Directions:
Print the listing below exactly, images excluded.

Collected material:
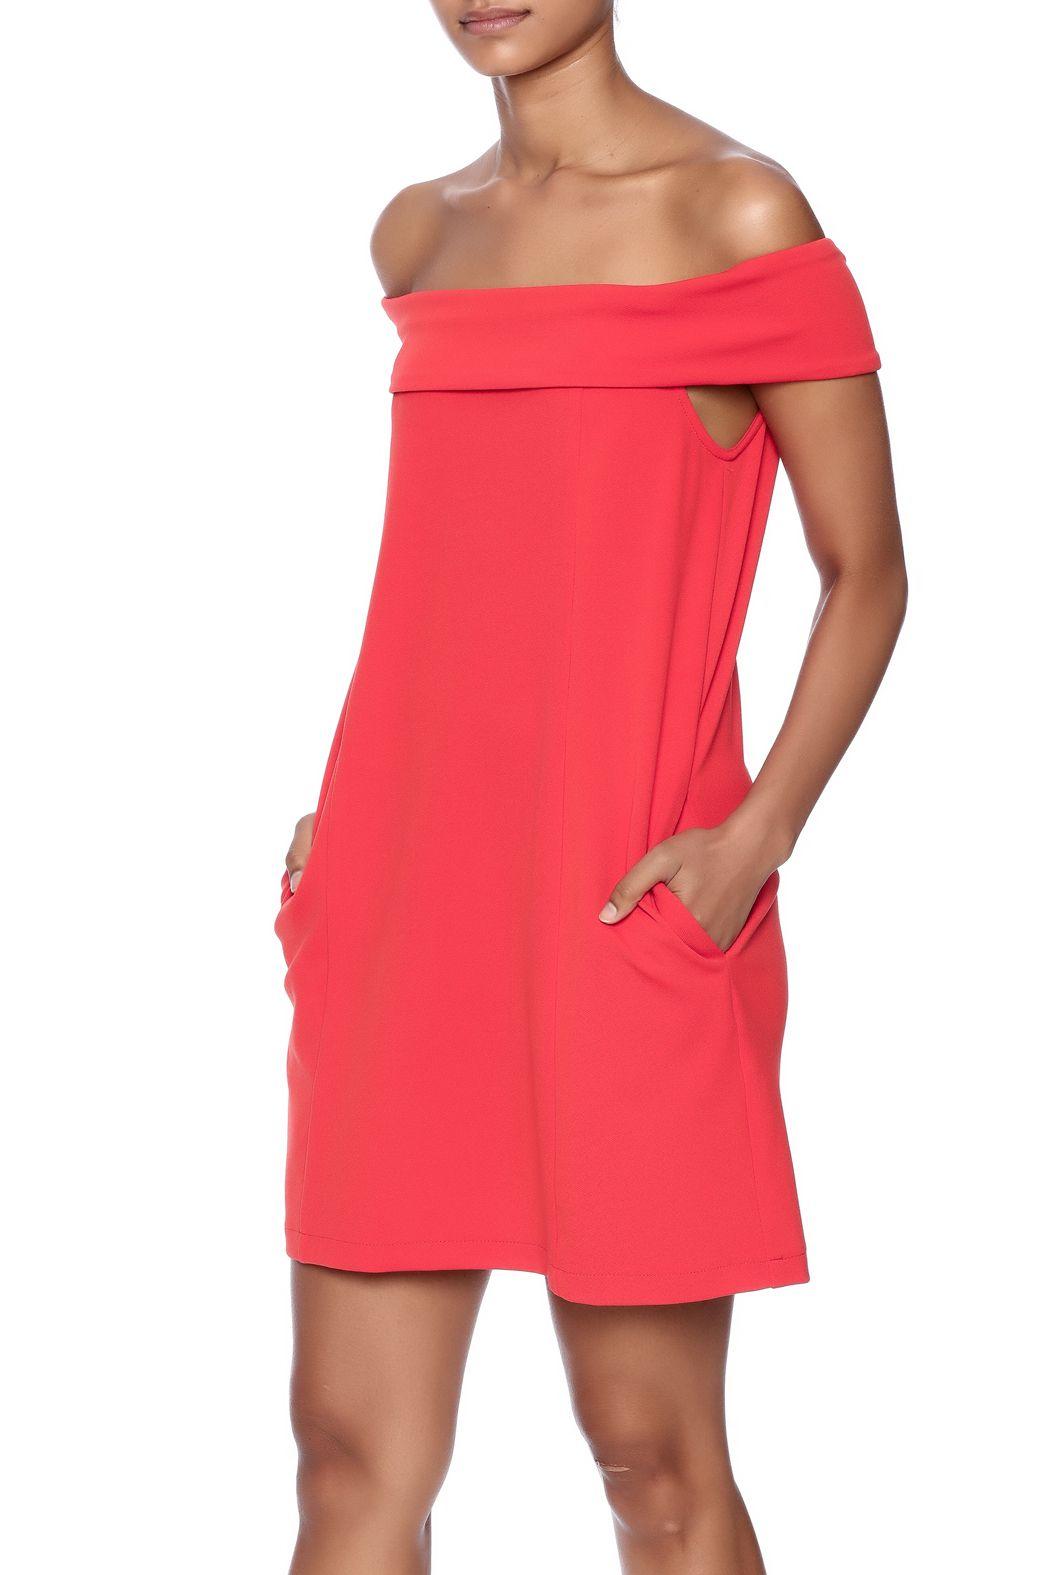 Alexuraw casual coral dress
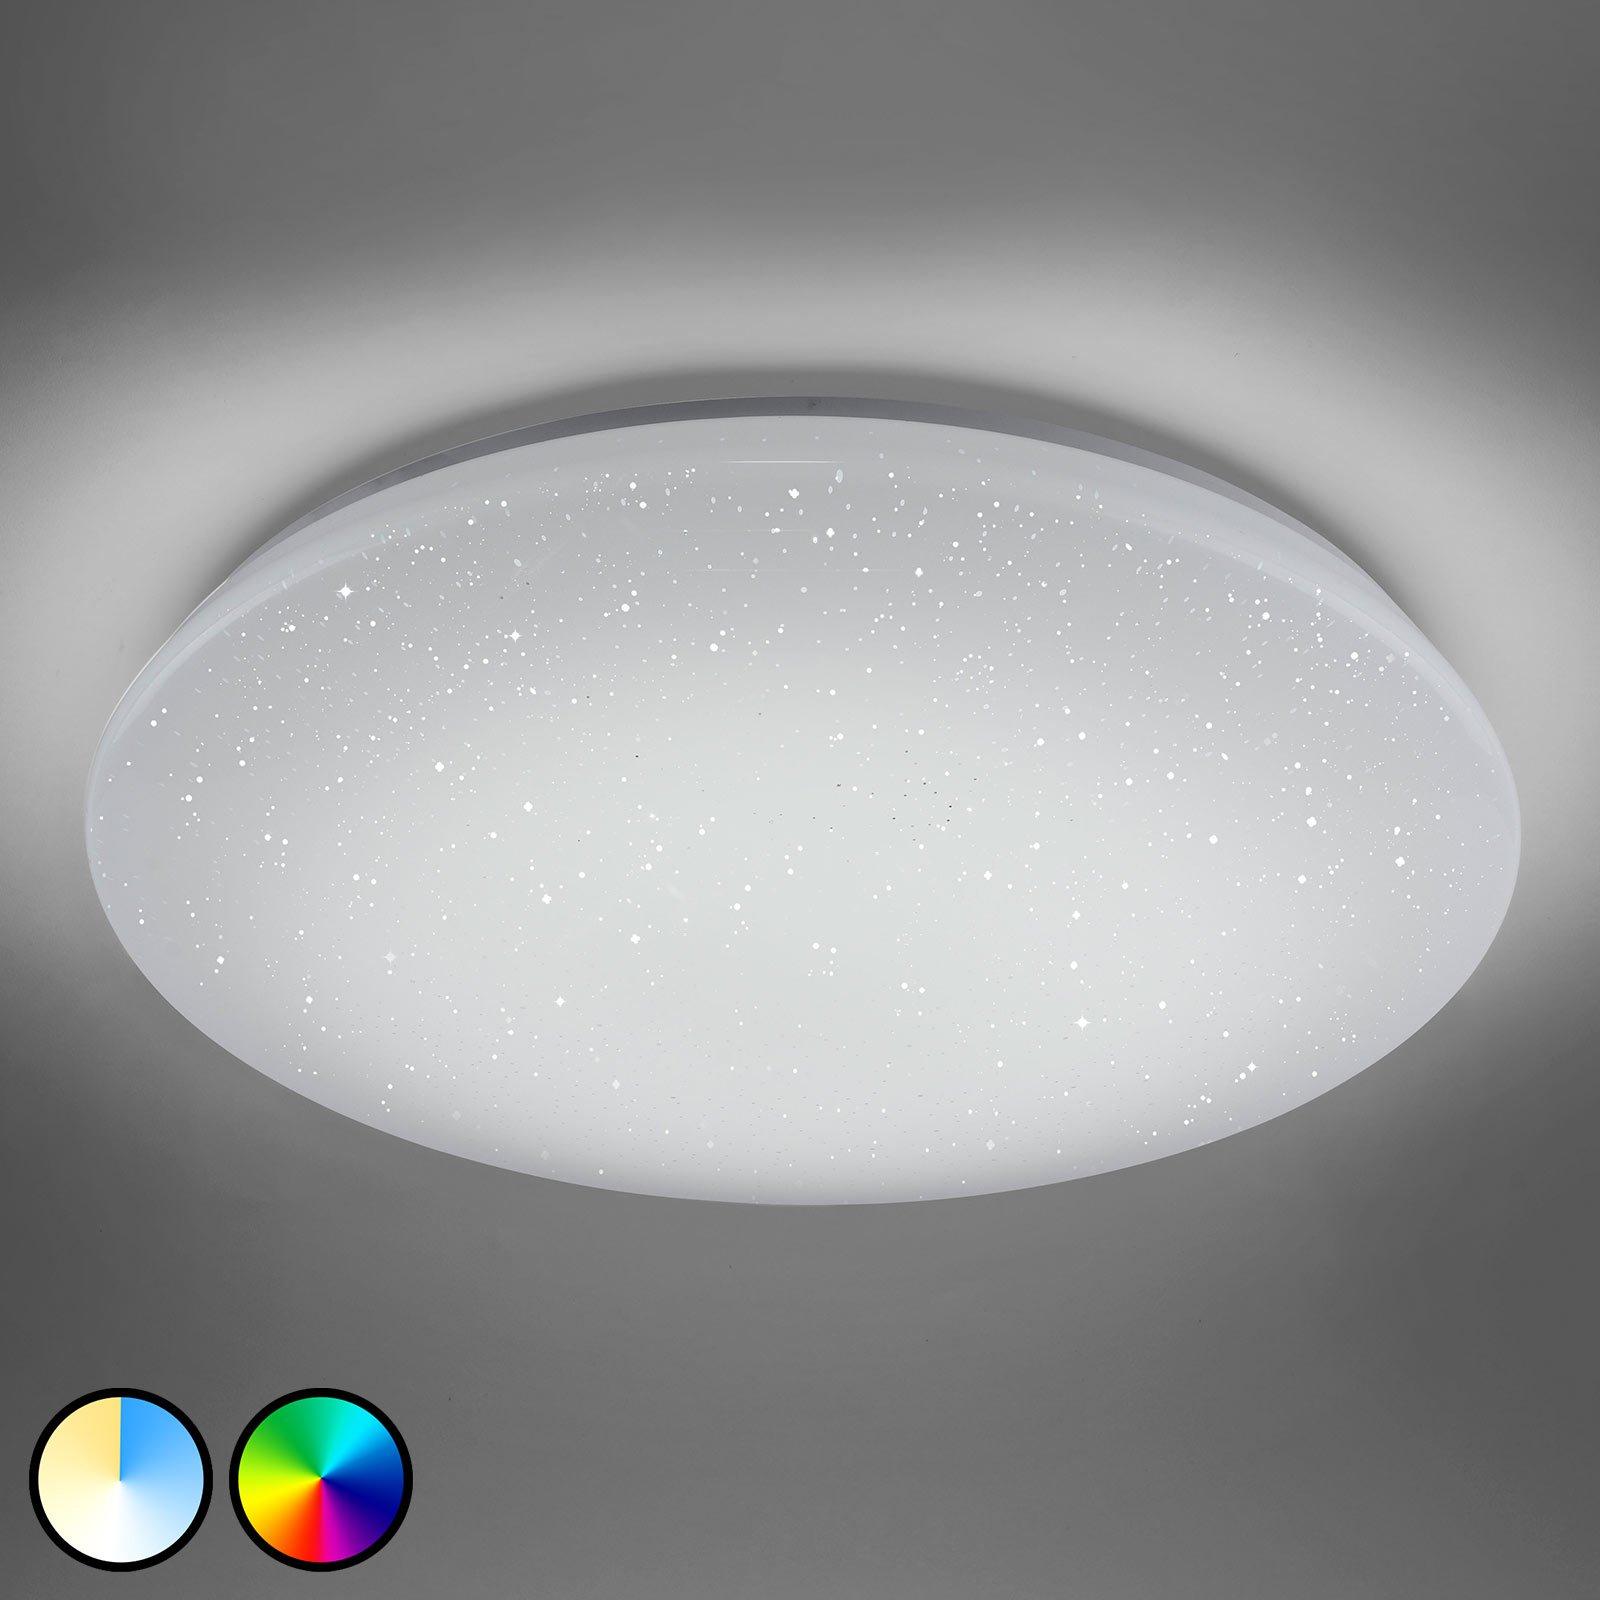 Trio WiZ Charly LED-taklampe med krystalleffekt
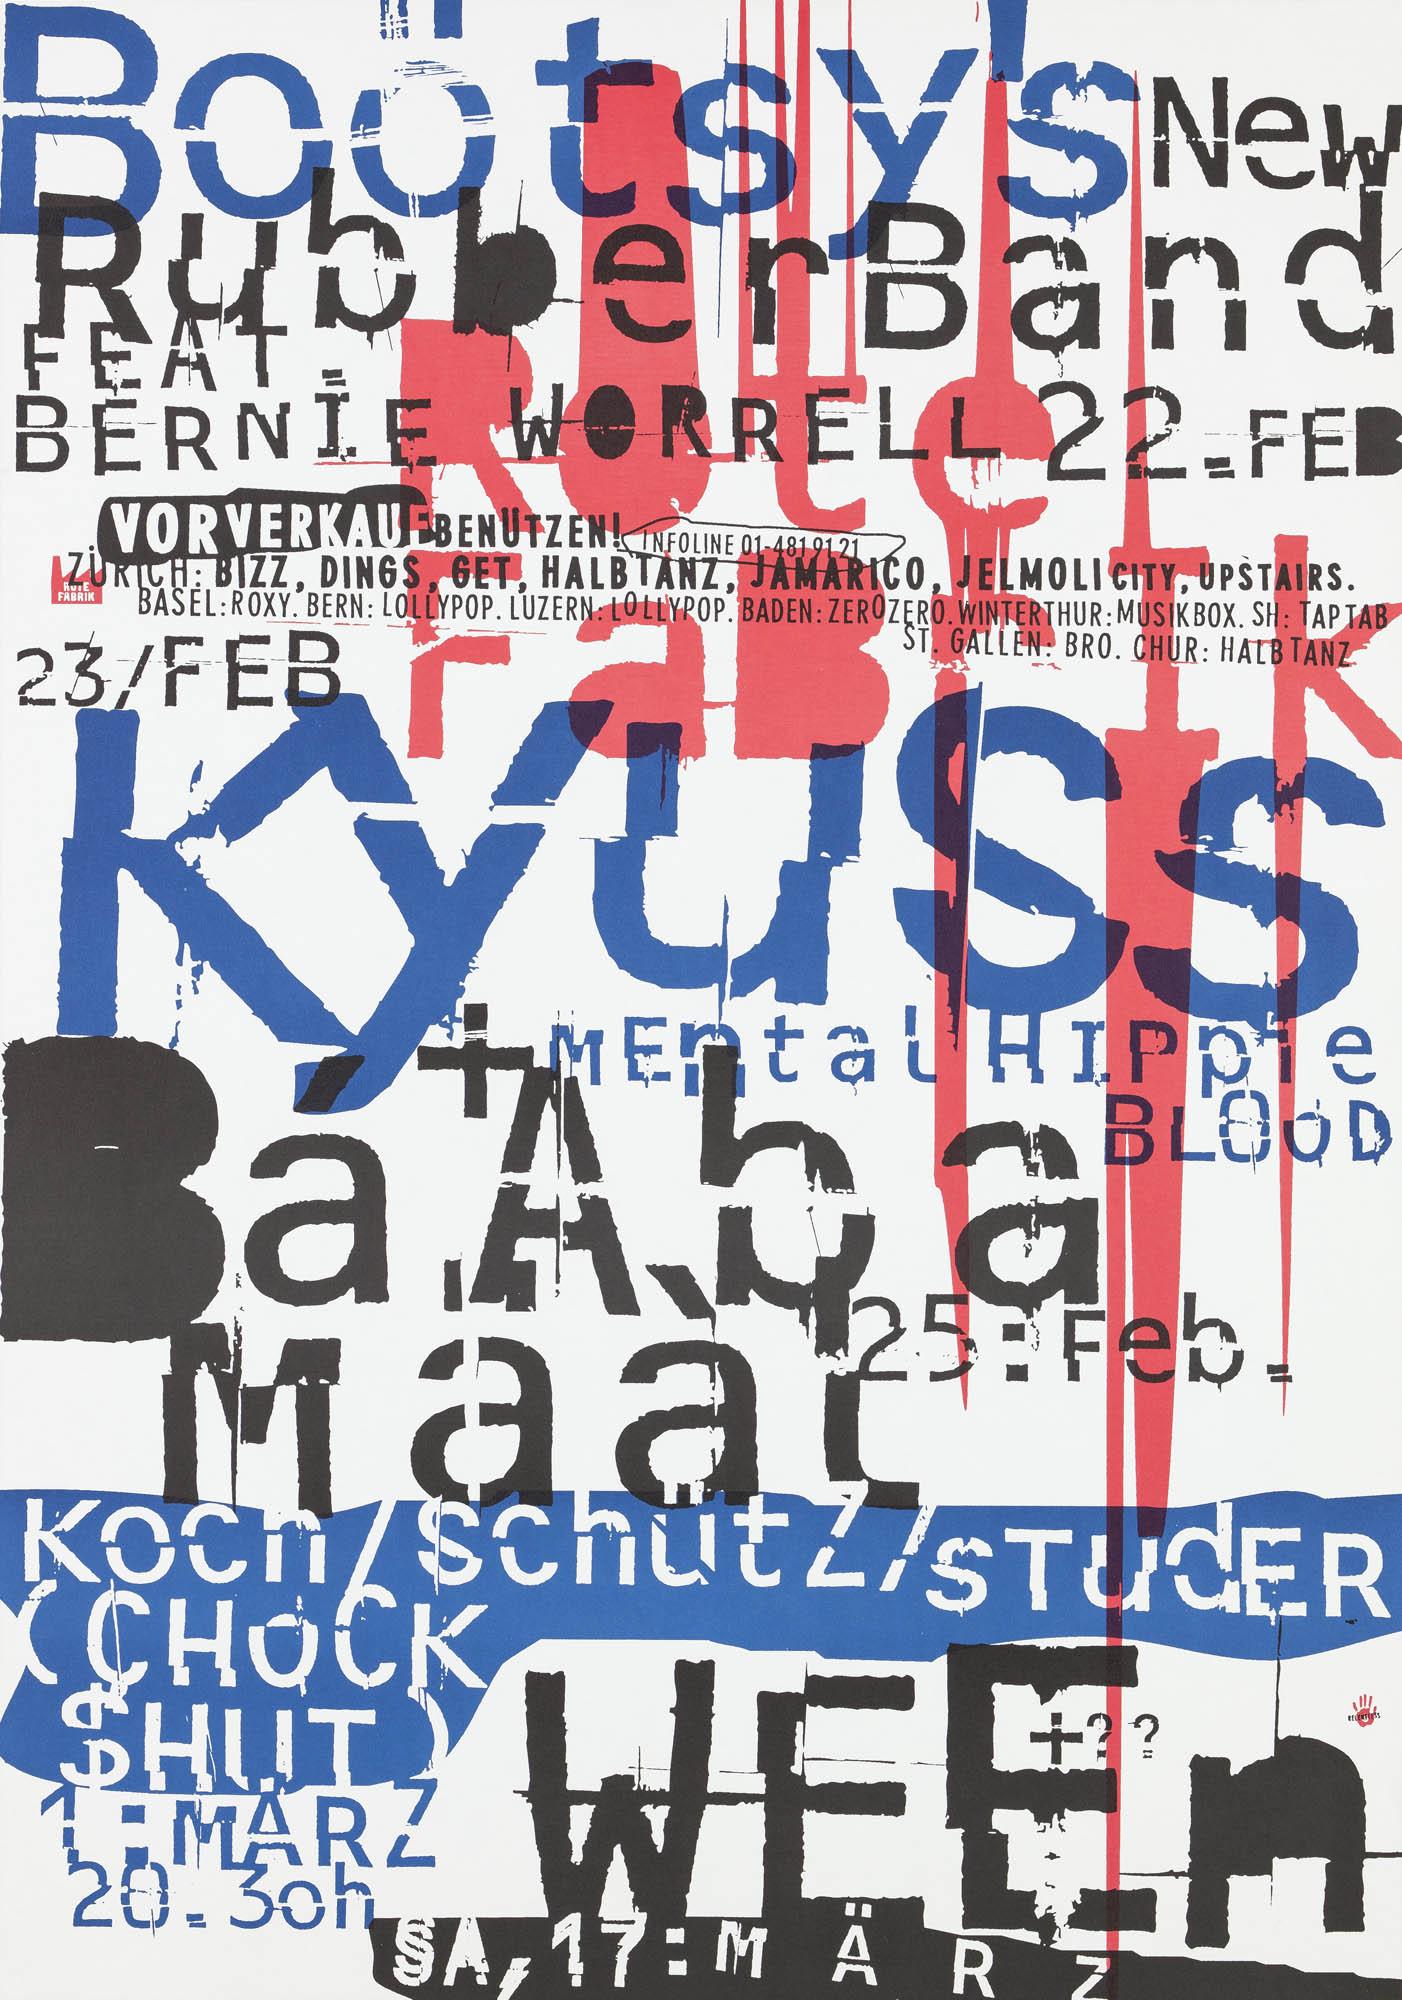 Mai 1994 – Rote Fabrik Cornel Windlin Affiche

Answer for the task:
 Alexuraw casual coral dress
 Trio WiZ Charly LED-taklampe med krystalleffekt
 Mai 1994 – Rote Fabrik Cornel Windlin Affiche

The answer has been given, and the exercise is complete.